Fleans v0.1.0 — 2026-04-28 — Local Docker Compose @ 500 VU

Scenario	Max VUs	Iterations	Throughput (req/s)	p(95) duration	Error rate	First bottleneck
`linear`	500	344 815	1 049 / s	174.88 ms	96.90 %	Postgres write saturation
`parallel`	500	322 452	989 / s	175.22 ms	98.89 %	Postgres write saturation
`events`	200	2 166	6.6 / s	32 000 ms	21.40 %	Postgres + event coordination
`mixed`	100	1 050	3.2 / s	38 220 ms	66.66 %	Postgres + event coordination

The local laptop run is db-bound: PostgreSQL CPU peaks above 600 % across all scenarios. The error spikes are connection-pool exhaustion (max_connections=100 default vs. 200+ EF Core connections under burst), not slow queries.

Fleans v0.1.0 — 2026-04-29 — Azure Container Apps @ 500 VU (and a 2 000-VU scale test)

Scenario	Reqs	RPS	HTTP fail %	p50	p95	max
`linear` @ 500 VU	33 907	113	0.0 %	1.9 s	8.4 s	11.4 s
`parallel` @ 500 VU	22 701	76	0.0 %	1.9 s	13.2 s	15.5 s
`events` @ 500 VU (`workflow_start`)	13 915	47	0.0 %	9.2 s	18.5 s	24.4 s
`events` @ 500 VU (`poll_stall`)	13 760	46	100 %	—	—	—
`mixed` @ 500 VU (parallel branch)	3 653	12	6.8 %	4.1 s	30.7 s	33.7 s
`linear` @ 2 000 VU	32 492	108.5	47.0 %	13.6 s	33.5 s	39.8 s

The Azure Container Apps target is silo-CPU bound. With 2 × 0.5 vCPU silos the API tops out around 110 RPS regardless of VU count — adding load adds queue, not work. The 2 000-VU run is the same throughput as the 500-VU run, just with 47 % HTTP 500s instead of queued requests.

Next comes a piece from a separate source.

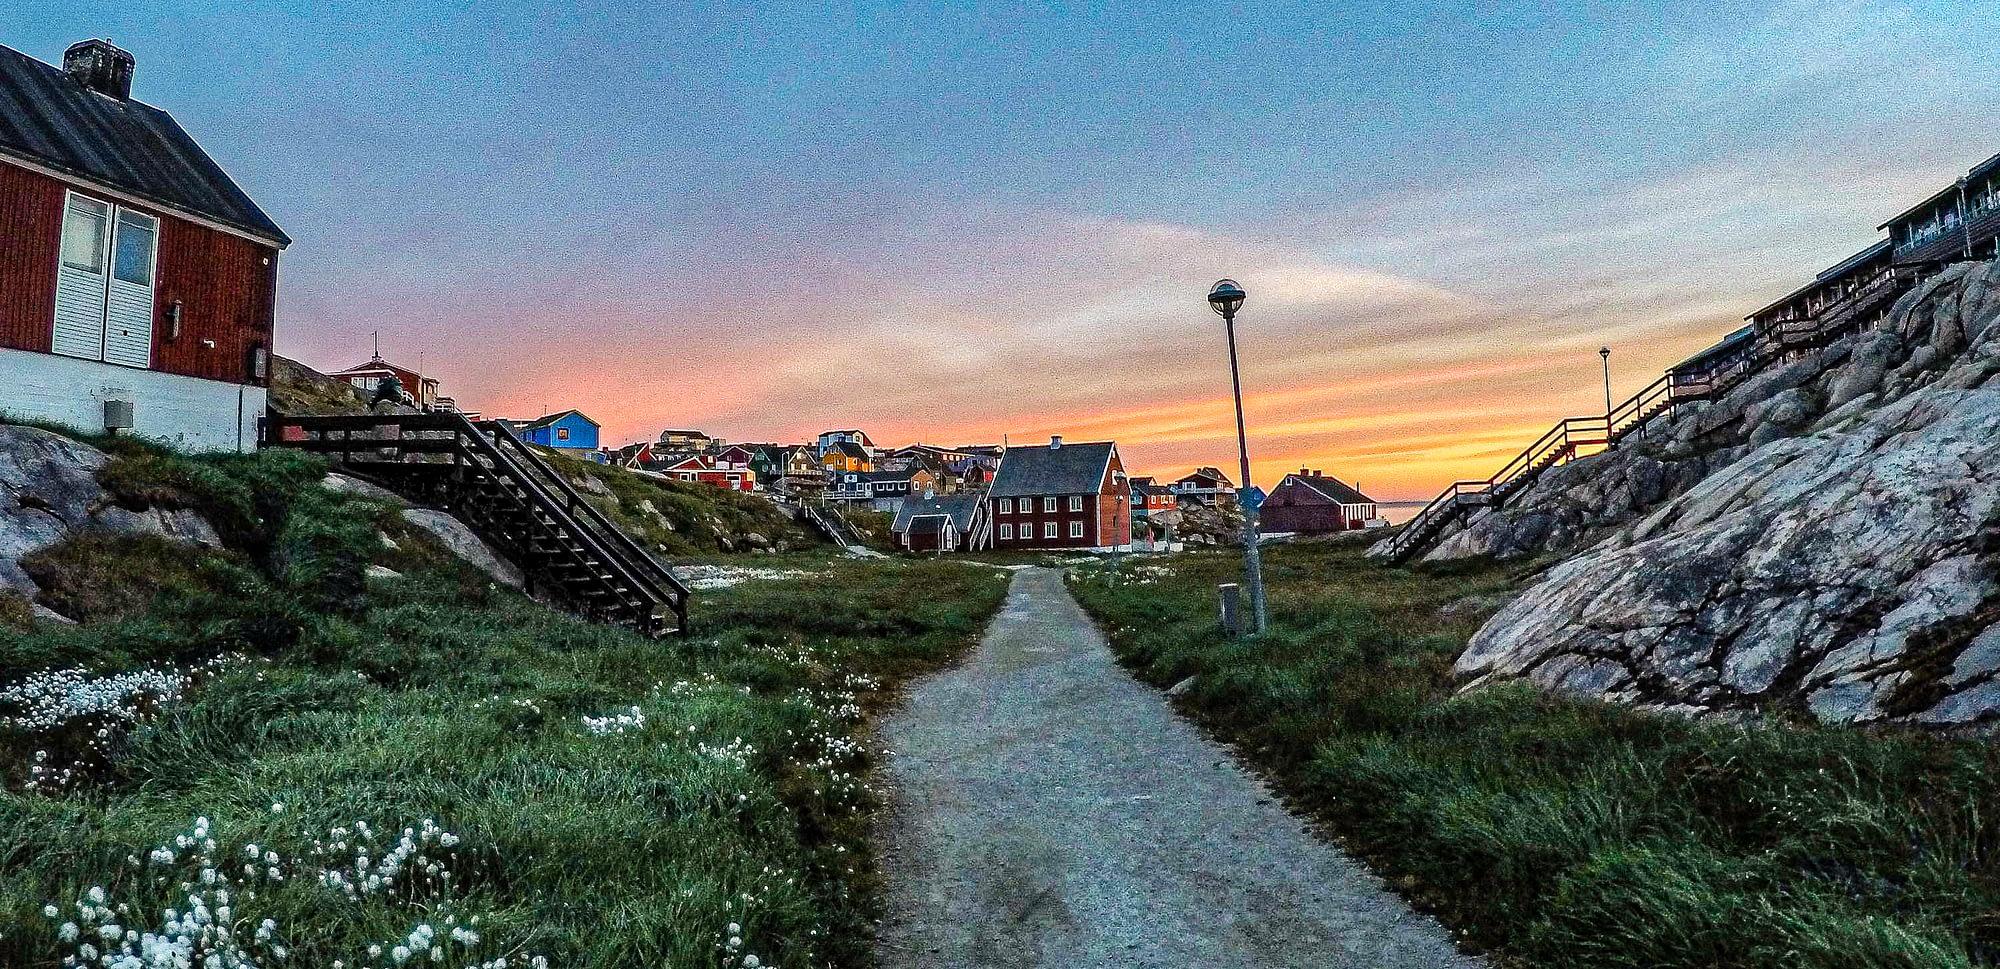 Ilulisat, Greenland

Two bottleneck profiles compared at the same VU count:

Run	Throughput	p95 (`workflow_start`)	HTTP fail %
Docker laptop, 2 silos, 8-core host	1 049 / s	175 ms	97 %
Container Apps, 2 silos × 0.5 vCPU	113 / s	8 405 ms	0 %

Same code, same fixtures, same scripts. The bottleneck moves from Postgres to silo CPU when the silo SKU shrinks far enough; both regimes are valuable for shaping a sizing decision.

What the events scenario revealed

The events scenario reported a 100 % poll_stall rate in both the 2-silo and the 1-silo re-run on Azure. We chased it because that’s a striking result. After investigation:

The fixture and the Locust port are correct. A single-instance probe with no other load showed start → step1 → waitMessage in <500 ms; the message correlated and the workflow completed.
Under 500 VU on 0.5 vCPU silos, the silo cannot dispatch the step1 → waitMessage transition within the test’s 3 s poll budget. The test catches this correctly.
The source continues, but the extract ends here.